Alors que l'industrie de l'intelligence artificielle (IA) est secouée par l'essor soudain de modèles chinois économiques et des craintes de dumping technologique, un autre débat émerge, plus fondamental, sur les véritables limites de cette technologie. Un essai publié en 2007, intitulé « Ce que tout programmeur devrait savoir sur la mémoire », rédigé par Ulrich Drepper, un développeur du noyau Linux, refait surface et éclaire d'un jour nouveau la crise actuelle. Son constat est simple : la puissance de calcul n'est pas le principal frein aux progrès de l'IA ; le vrai goulot d'étranglement est la bande passante mémoire.

Une prédiction vieille de près de vingt ans

Dans cet essai, Drepper décrivait ce qu'il appelait le « mur de la mémoire » (Memory Wall). Il expliquait que la vitesse des processeurs (CPU) augmentait de manière exponentielle, tandis que celle de la mémoire ne suivait pas. L'écart entre ce que le processeur pouvait calculer et ce qu'il pouvait recevoir en données se creusait chaque année. Pour lui, le lieu où résident les données (cache, RAM, disque dur) détermine la vitesse d'exécution d'un programme. Cette analyse, conçue à une époque où l'IA se limitait à des moteurs d'échecs, s'applique aujourd'hui directement aux architectures modernes de l'IA.

Aujourd'hui, la hiérarchie de la mémoire s'est déplacée. Pour les GPU (processeurs graphiques) qui font tourner les modèles d'IA, la Hiérarchie se décline en HBM (High Bandwidth Memory) et en SRAM (Static Random Access Memory) intégrée au GPU. Le HBM agit comme la mémoire vive principale, tandis que la SRAM joue le rôle de cache. Chaque fois qu'un modèle génère un nouveau token (unité de base d'un mot), il doit déplacer des gigaoctets de poids du HBM vers la SRAM, des millions de fois par seconde. Ce mouvement de données est devenu le facteur limitant, à la fois en termes de temps et de consommation d'énergie.

La puissance de calcul ne suffit pas

L'essai de Drepper suggère que l'industrie de l'IA s'est concentrée sur le mauvais indicateur. Les sauts en puissance de calcul brute (TFLOPS) sur les nouvelles puces, comme la Blackwell de Nvidia, dépassent de loin les gains en bande passante mémoire.
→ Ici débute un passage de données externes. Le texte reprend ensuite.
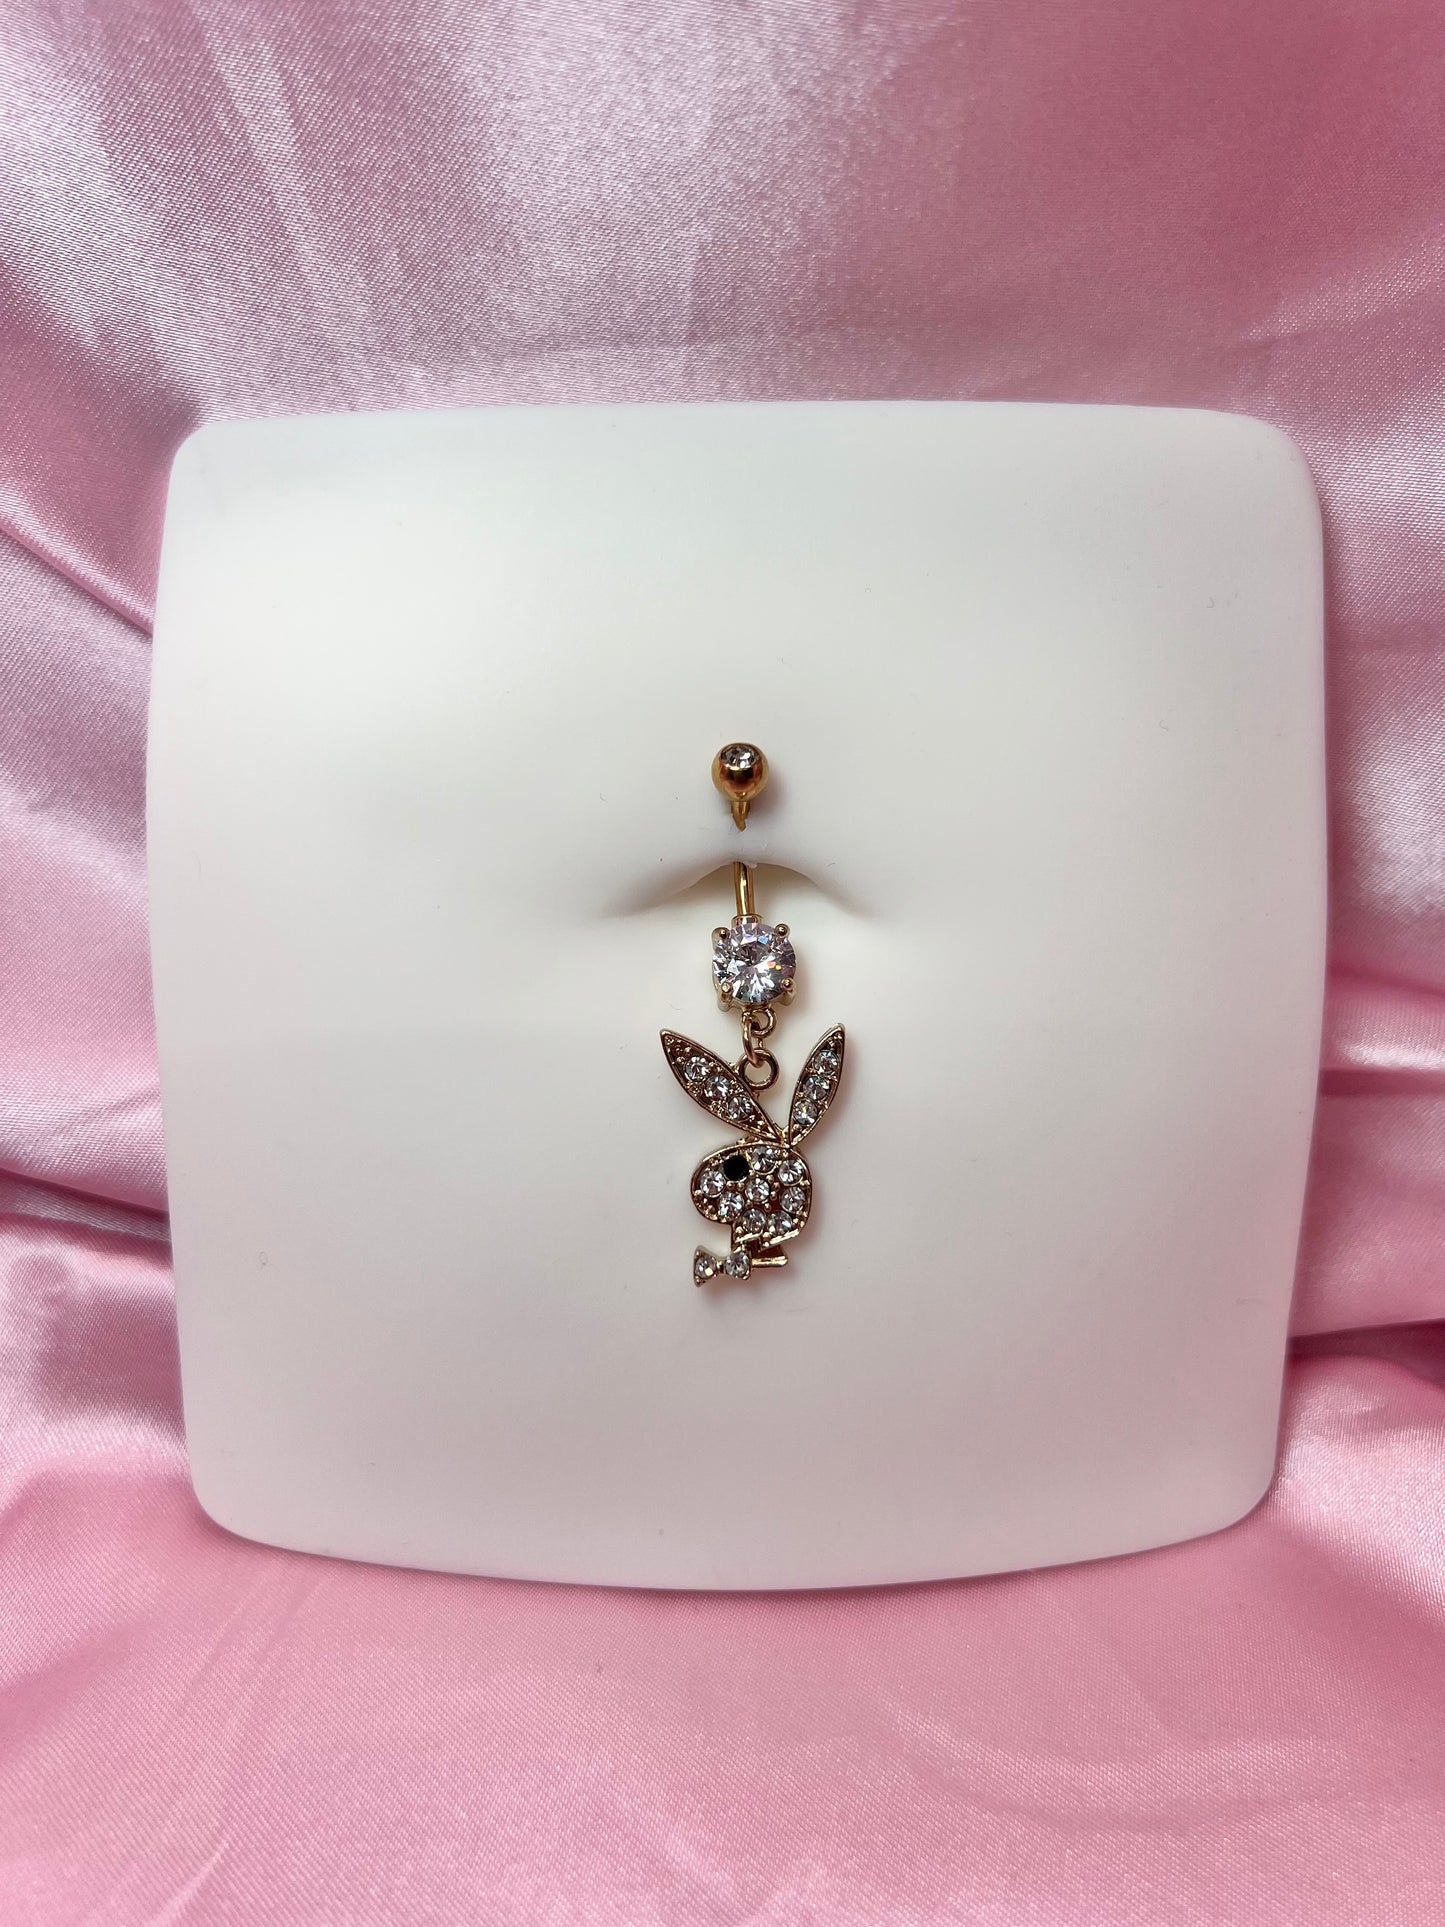 Icy bunny belly ring

Les opérations de multiplication de matrices, que les experts suivent de près, sont devenues relativement bon marché ; le coût réel réside dans le déplacement des données pour effectuer ces calculs. Ainsi, la « pénurie de calcul » qui a dominé les discussions des entreprises ce printemps n'était, en grande partie, qu'une pénurie de bande passante mémoire déguisée.

Les solutions existent déjà

Les chercheurs et les ingénieurs ont trouvé des solutions qui, rétrospectivement, suivent les principes de Drepper. L'une des avancées les plus significatives, l'attention flash (FlashAttention), n'a pas réduit la complexité mathématique des modèles, mais a réécrit la façon dont l'attention est calculée. Cette méthode permet de garder les données dans la SRAM du GPU aussi longtemps que possible, minimisant les allers-retours vers la HBM, plus lente. C'est une application directe du concept de « localité des références » que prônait Drepper en 2007.

Parallèlement, la tendance aux petits modèles de langage (Small Language Models, SLM), comme les gammes Llama, Phi ou Mistral, qui fonctionnent sur du matériel standard, reflète la même logique. Si vous ne pouvez pas déplacer un modèle de 70 milliards de paramètres sur le bus assez rapidement, vous réduisez la taille du modèle jusqu'à ce qu'il tienne dans la hiérarchie de cache. Pour un ingénieur logiciel travaillant sur le terrain, des modèles comme Sonnet et Opus sont efficaces non pas parce qu'ils sont plus intelligents que les modèles de pointe, mais parce que ces derniers sont trop gourmands en mémoire pour être déployés à l'échelle que le marché exige.

Implications pour l'avenir

« Les lois de la physique du matériel dictent les limites du logiciel », écrivait Ulrich Drepper. Cette phrase, que l'industrie de l'IA semble redécouvrir aujourd'hui, implique que les entreprises qui domineront la prochaine décennie ne seront pas celles qui posséderont le plus grand nombre de FLOPS, mais celles qui internaliseront la leçon de 2007. Les puces ont changé, mais le mur de la mémoire, lui, est resté.